By modelling an LLM as a graph, subgraphs have been identified in previous work that are most active during the “computation” of a fixed task. This paper finds such a subgraph (called a circuit) in the GPT-2 small (henceforth, GPT-2S) model which successfully computes the Indirect Object Identification (IOI) task. Furthermore, it runs experiments on the individual components of the circuit to assign function to each component, thus completing the analysis of the circuit.

Description of Transformer architecture

We must first understand the GPT-2S transformer architecture.

The GPT-2S is a decoder-only stack of 12 transformer blocks. Each transformer block consists of an attention layer and a standard MLP (Multilayer perceptron). There are also normalisation layers which we can ignore for the purpose of this post.

How next token prediction works in GPT-2S

In inference mode, the model is fed a stream of embedding vectors. For each token in the input prompt, we generate a token embedding (we’ll look at how this is computed later) which forms the residual stream. The residual stream is the fundamental data flow object that passes through the stack of blocks and gets morphed. At the output, we get a probability distribution over the entire vocabulary of words for the model which can be sampled to get the next token.

Parameters of GPT-2S

The vocabulary of a model is built by byte-pair encoding. Starting with the ASCII character set, we pair together most common occurring characters and treat them as new tokens.

Sample vocabulary: [“A”, “B”, … “a”, “b”, …, “ t”, “as”, …., “the”, …, “this”, …]

Any input string is decomposed into tokens by matching it to the vocabulary. The list of tokens is then transformed into a one-hot vector encoding which is a vector of length d_vocab with all entries 0 except the index at which the token is found in the vocabulary list.

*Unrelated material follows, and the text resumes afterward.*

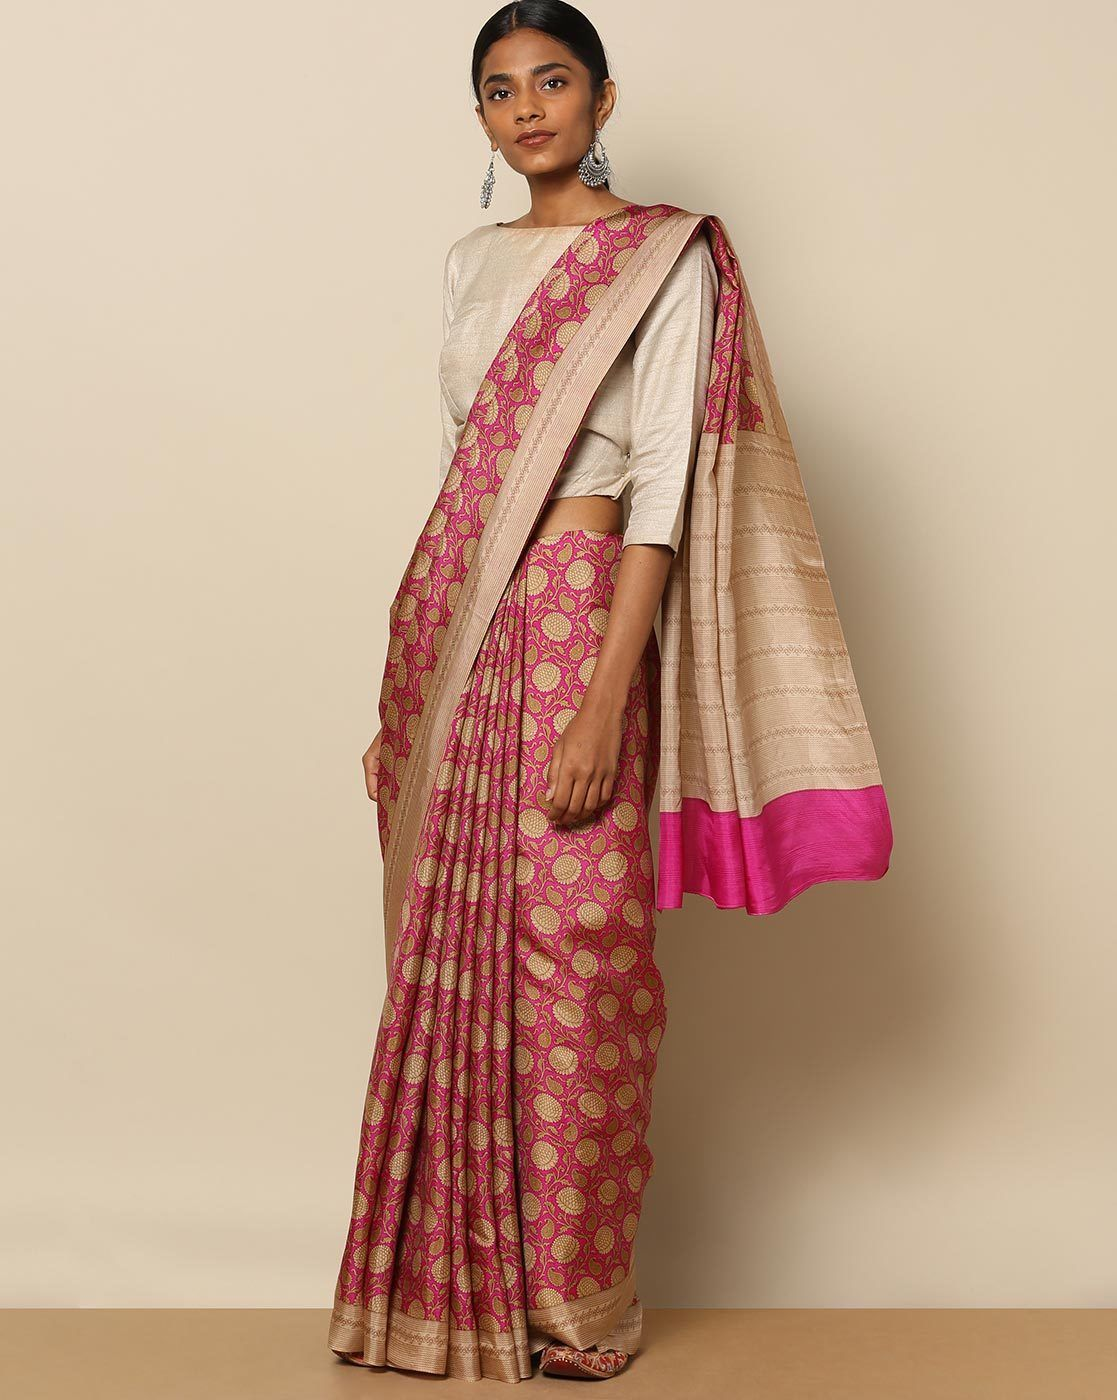 086229bead Buy Rudrakaashe-MSU Women Multicoloured Soft Pure Silk Floral Jaal Print  Saree   AJIO

Eg input string: “GPT-2 is a model which is capable of” Supposed tokens: [“G”, “P”, “T”, “-”, “2”, “ is”, “ a”, “mod”, “el”, “ whi”, “ch”, “ is”, “cap”, “able”, “ of” ]

This vector is then projected into an embedding vector by multiplying it with the token embedding matrix (W_te) which typically has a much lesser dimension than d_vocab2. In case of GPT-2S, d_model = 768.1

Each attention layer is made of 12 attention heads and each head independently attends to each token. The output of each attention head is an updated residual stream with the added information of how much the current token should copy information from the previous tokens (Intuitively speaking, this step encapsulates the process of providing linguistic context to the model during prediction). The output of the attention layer is simply the sum of these vectors.

The MLP performs a standard forward-feed pass. The output of the final block is transformed into a probability distribution over the vocabulary space by multiplying with the so-called unembed matrix W_ue to get a logits vector over the vocabulary space which is normalised to a probability distribution using softmax. The distribution is then sampled to output the next token.

The GPT-2S model has around 117M parameters as per published data but Jay Alammar found them to be around 124M.

Problem framing

We have fixed our model as a pre-trained GPT-2S model. The paper picks up Indirect Object Identification as its task. It is a sufficiently challenging task while at the same time lending to interpretability on the GPT-2S. Given a sentence like, “When Mary went to meet Paul, Paul gave a flower to”, the next token should be “Mary”. As is evident, predicting the correct token involves correctly identifying the names in the input stream, building a context of names, and not mixing up the subject of the two clauses.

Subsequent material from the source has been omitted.